Beto O’Rourke didn’t mince words during the September 12 Democratic debate when he called President Donald Trump a white supremacist. The former Texas congressman was embroiled in an intense debate about the scourge of mass shootings over the summer, including one in his hometown of El Paso, Texas, on August 3. O’Rourke noted that the man who opened fire with an assault weapon at a Walmart, killing 22 people and injuring 24 more, possessed a manifesto that echoed many of the inflammatory remarks made by the president about minorities. Many of the victims were Latino.

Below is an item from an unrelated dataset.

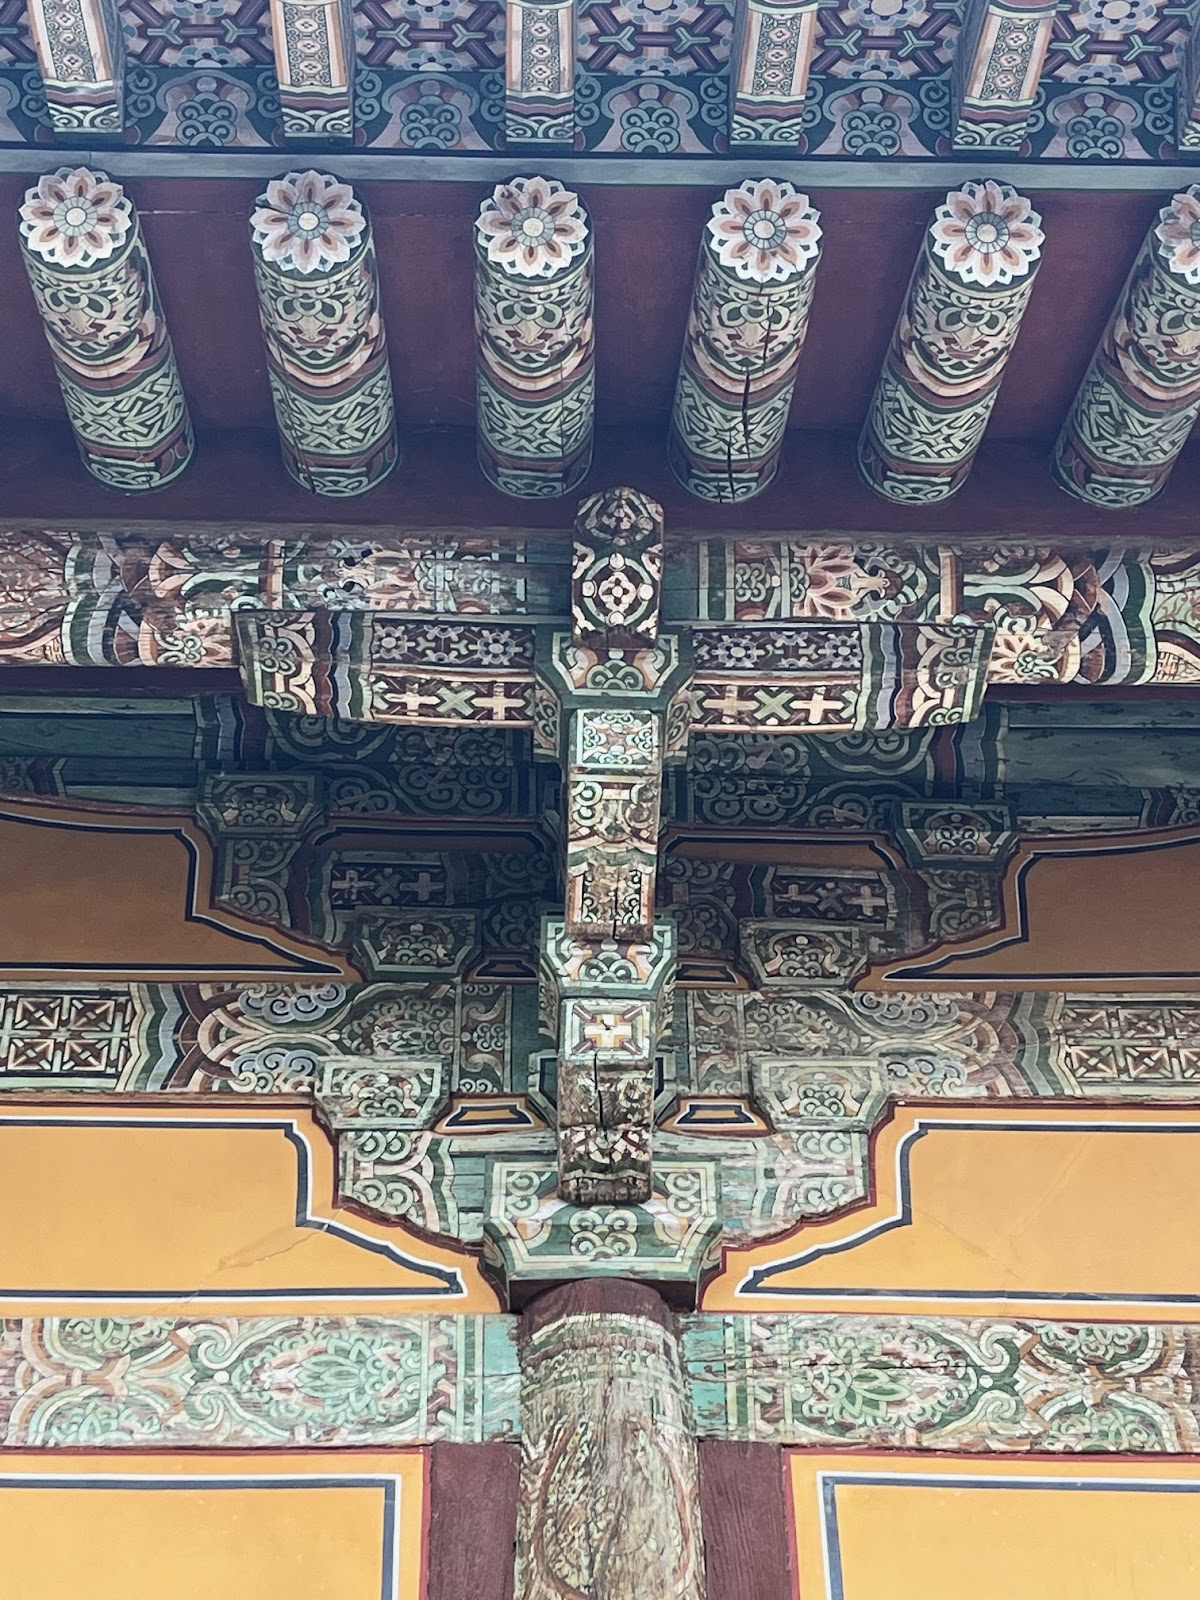 Underneath the varied temple building at the oldest temple in South Korea.

“Racism in America is endemic and it is foundational,” O’Rourke said. “We can mark the creation of this country not at the 4th of July, 1776, but August 20, 1619, when the first kidnapped African was brought to this country against his will. And in bondage, as a slave, built the greatness and success and wealth that neither he, nor his descendants would ever be able to fully participate in and enjoy. We have a challenge to address this in our education system… our healthcare… or the fact that there is 10 times the wealth in white America than in Black America. But we must also call out the fact we have a white supremacist in our White House and he poses a mortal threat to people across this country.”
O’Rourke also said that he wants to give reparations to the descendants of slaves. In response to the El Paso mass shooting, as well as the one less than 24 hours later in Dayton, Ohio, O’Rourke has proposed a government buyback program for assault weapons, which has garnered backlash. But he doubled down on that in the debate, which was held in Houston, Texas, and where survivors of the shooting sat in the audience. He recounted a heartbreaking anecdote from the shooting, where a young girl bled out because there weren’t enough ambulances to carry all the victims. “Hell yes, we’re going to take your AR-15, your AK-47. We’re not going to allow it to be used against a fellow American anymore,” he said, to applause and cheers.

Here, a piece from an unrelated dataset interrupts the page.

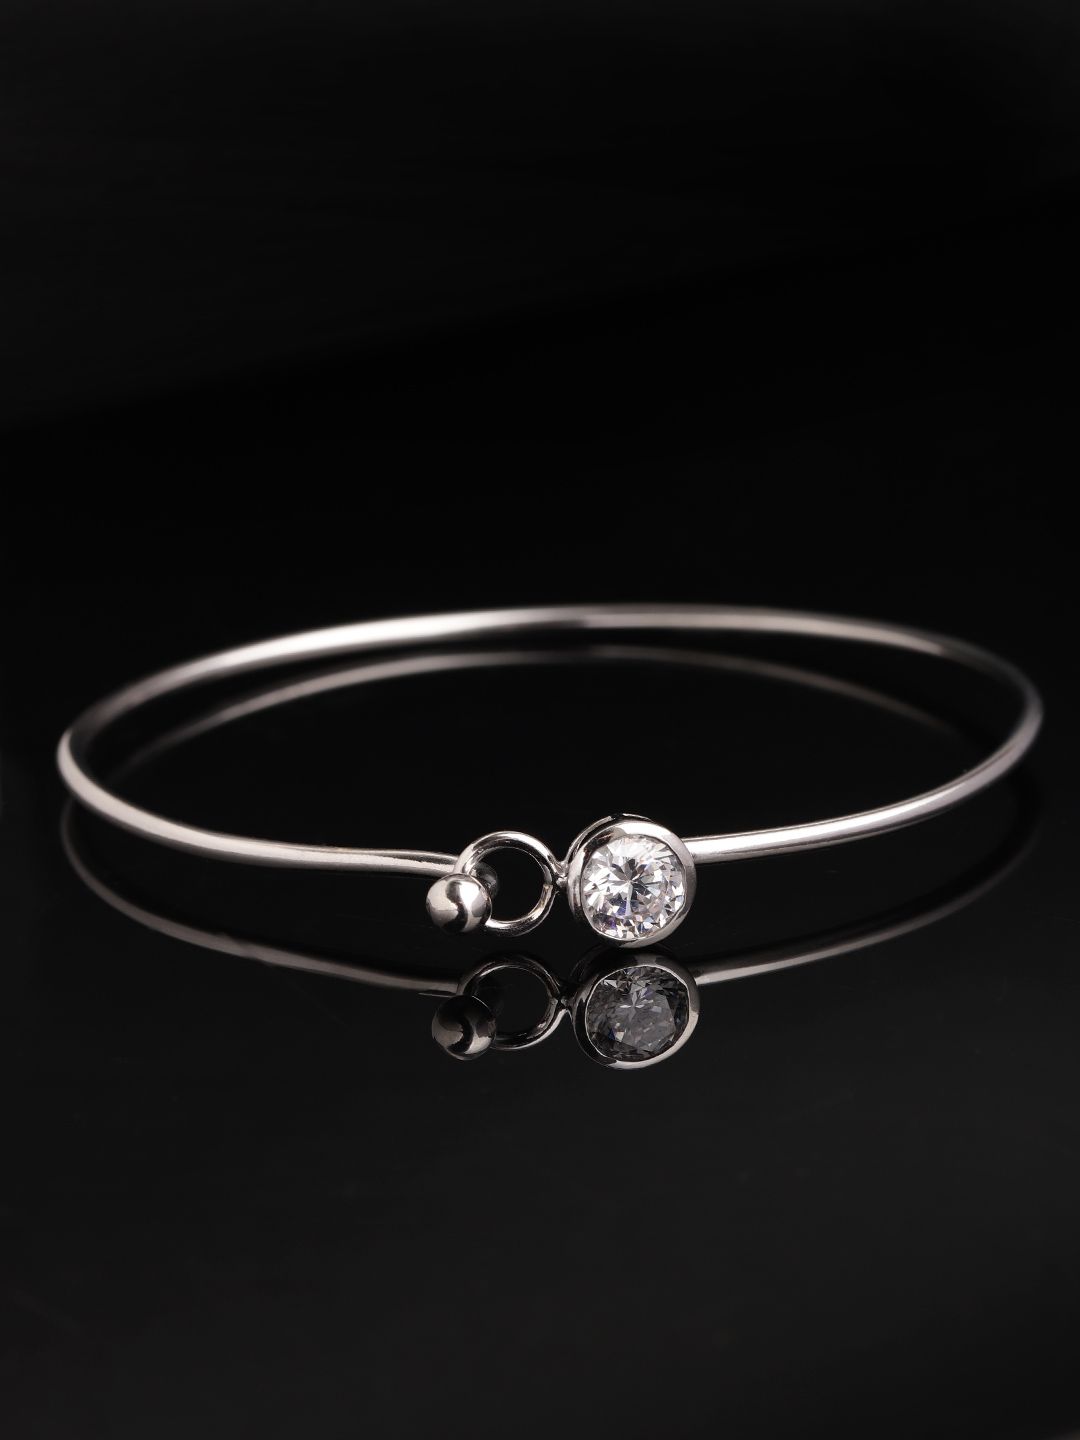 Carlton London Silver-Toned Rhodium-Plated CZ Studded Bangle-Style Bracelet Price in India

His fellow candidates echoed his call for gun control and a potential assault weapon ban, as well as his assertion that Trump’s anti-immigrant rhetoric and actions inspired the shooter in El Paso. “He didn’t pull the trigger, but he’s certainly tweeting out the ammunition,” Senator Kamala Harris said.
This isn’t the first time that O’Rourke has called Trump a white supremacist. He said it in an interview with MSNBC in El Paso, shortly before the president was scheduled to arrive after the shooting. ““He’s also made that very clear [that he is a white supremacist],” O’Rourke said when asked. “He’s dehumanized or sought to dehumanize those who do not look like or pray like the majority here in this country. He asserted that racist rhetoric inspired acts of violence against minorities across the country, like the shooting at the Tree of Life Synagogue in Pittsburgh, and condemned him for laughing at a rally when a supporter yelled “shoot them!” in reference to immigrants.
“He says, ‘That’s okay with me,’” O’Rourke said. “He’s not the source of racism in this country. This country has been racist as long as it’s been a country, but he’s certainly fanning the flames. He’s certainly making violence like this more possible and more real.”